Fast forward again to today, and the 'Chicken Littles' in DC run the streets of the city (or hold press conferences in front of first responders and defense workers) telling us that either the sky is falling or that we shouldn't be afraid of Armageddon just yet (usually the person who previously tried to scare the crap out of us). Because of enthusiastic bi-partisan embracing of something that they proposed eighteen months ago and a refusal to do anything about triggering it since, we could yet see these chicken come home to roost (that for you Rev Jeremiah Wright). They tell us now that while not tomorrow, someday soon we're going to find some things in short supply. They're right of course, but not in the way they think. Here in fact is a partial list of such items that we're seeing already (in no specific order): common sense, undistorted facts, unbiased analysis, and of course ... potential solutions.
There are also a number of things that haven't been in short supply during the same period: bombastic discourse, meaningless rhetoric, shameless posturing, and government money. Sequestration will in fact do little more than reduce the rate of baseline budget increases due to occur. The government budget process automatically increases each year as part of their arcane calculations by averages of from four to six percent. Sequestration merely reduce those increases by $84 billion, or some 2.4 percent. Now don't get me wrong, there will be some hardships ahead, as our fearful leaders purposefully select targets that might do the most damage to their political opponents. The send workers packing, cut essential strategic initiatives, and even to some extent endanger citizens in their quest to make political points.
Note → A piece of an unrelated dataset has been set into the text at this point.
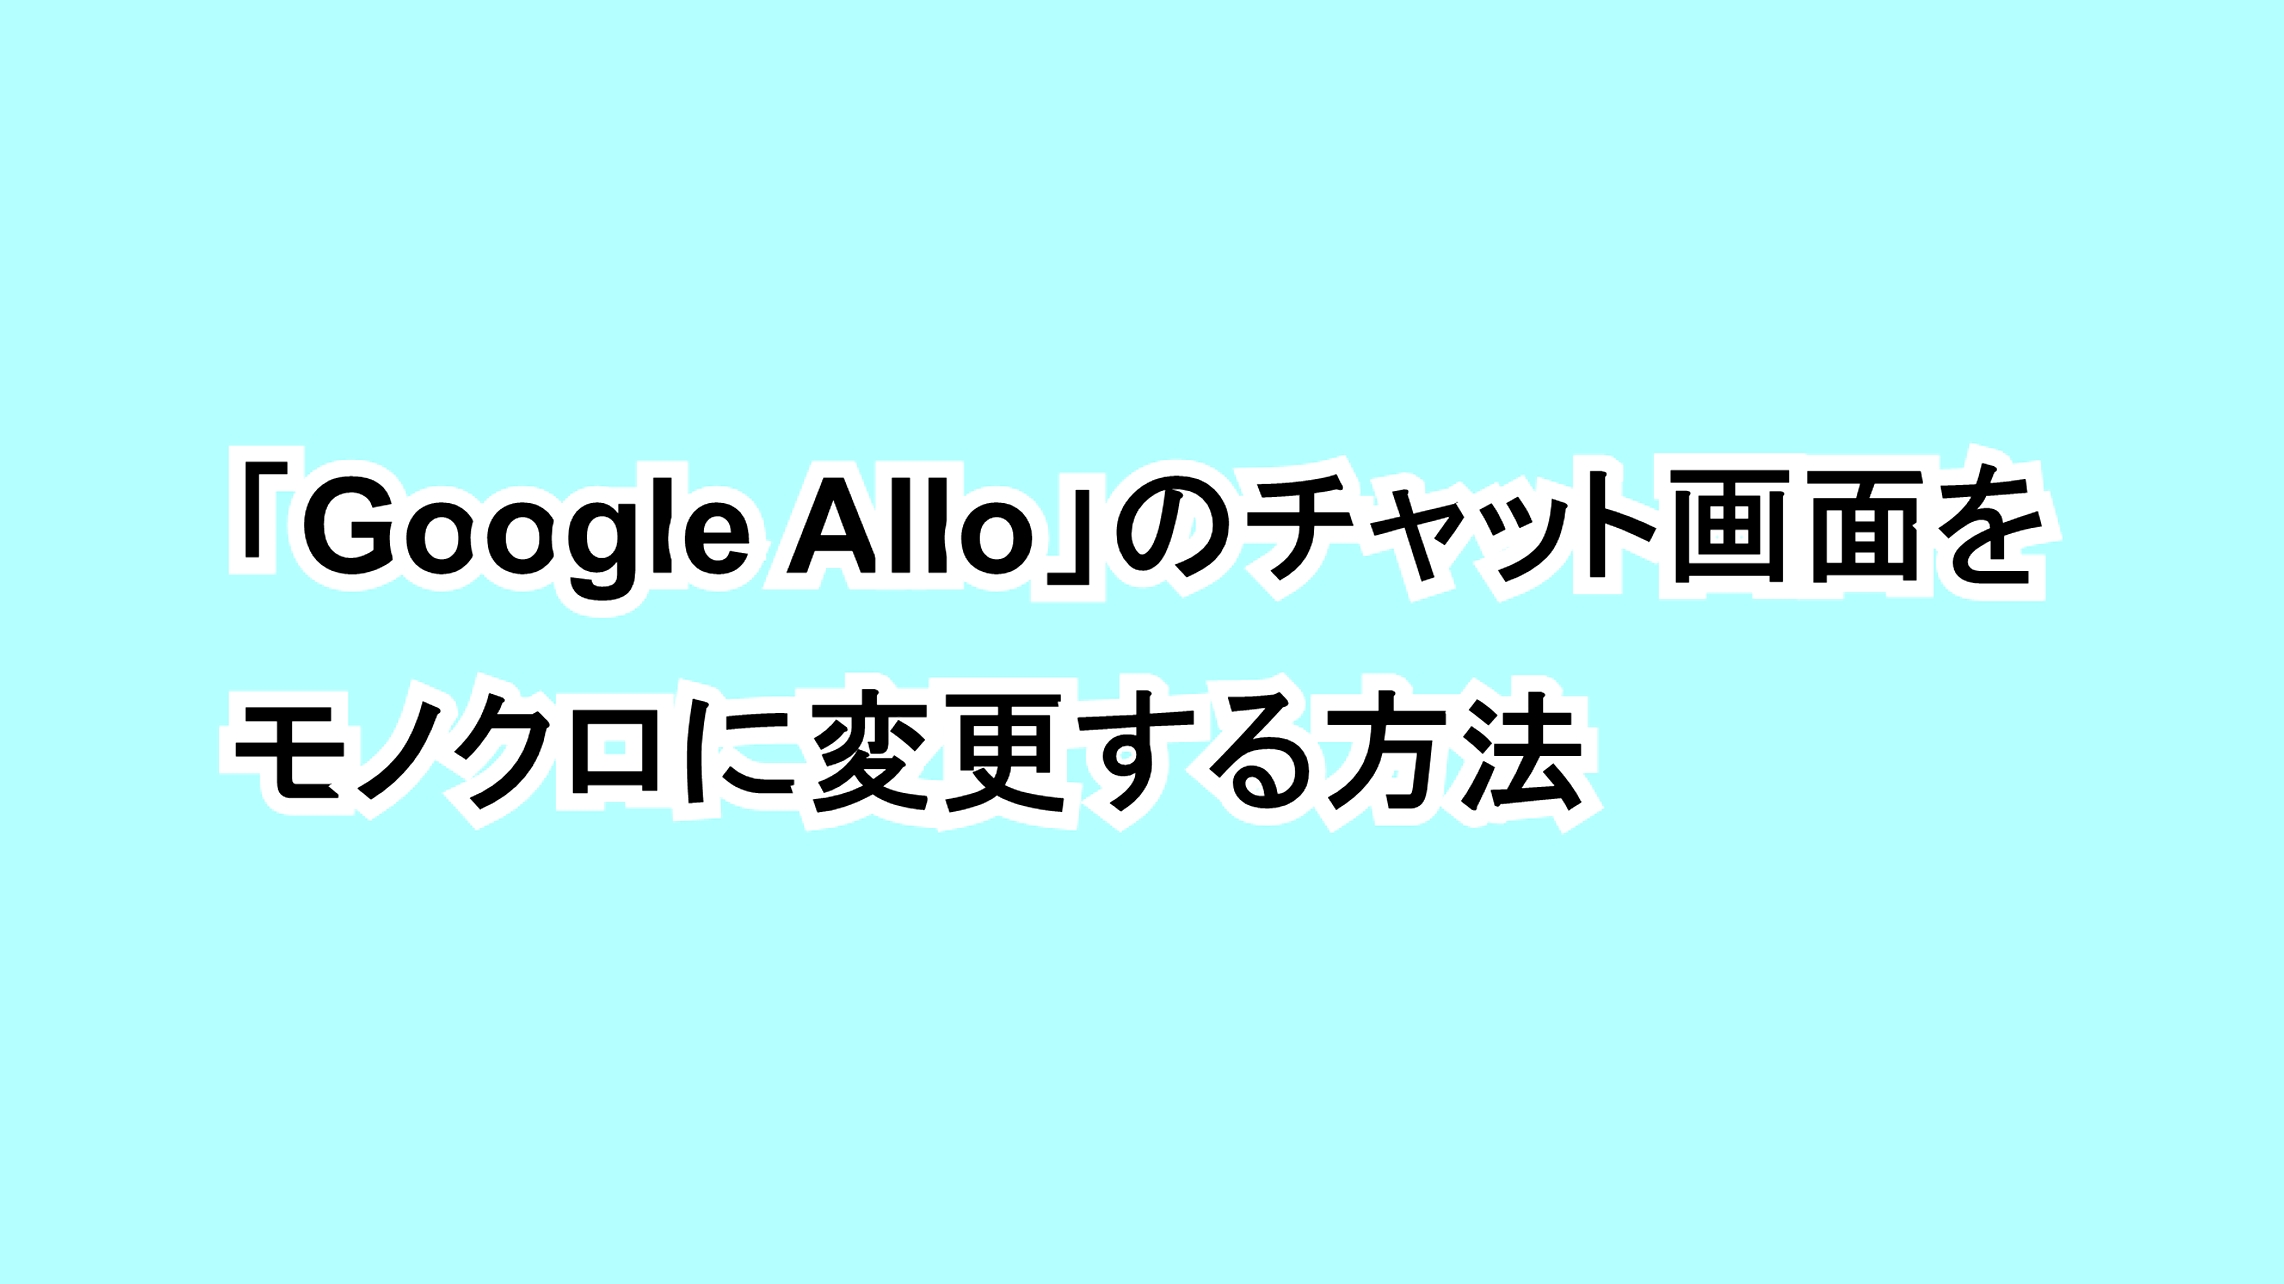 「Google Allo」のチャット画面をモノクロに変更する方法

They'll even let prisoners out of jail illegally in the hopes of currying political favor with their supervisors and scaring us all half to death.
Of course the rest of us have learned to do with two percent less since the temporary tax holidays of January for FICA went away, but we certainly can't expect those chosen to lead the country to be able to make the same kinds of tough decisions like canceling travel plans we've made and can no longer afford. We've also learned to do with less since gas prices have more than doubled in the last four years, groceries have gone up. (Can you say ethanol?) And in spite of what we're being told, inflation of our currency in general has meant that we increasingly have to do more with less.
In fact, You will find me instead celebrating the process of Sequestration, since it may serve as the only attempt at the reduction of federal spending that occurs in 2013. It's obvious that the feds can't get their own house in order, and the Law of Unintended Consequences of Sequestration will be usded to do so if it must.  All of this of course, means that one further thing is going to be in short supply for the government in the days ahead, my sympathy.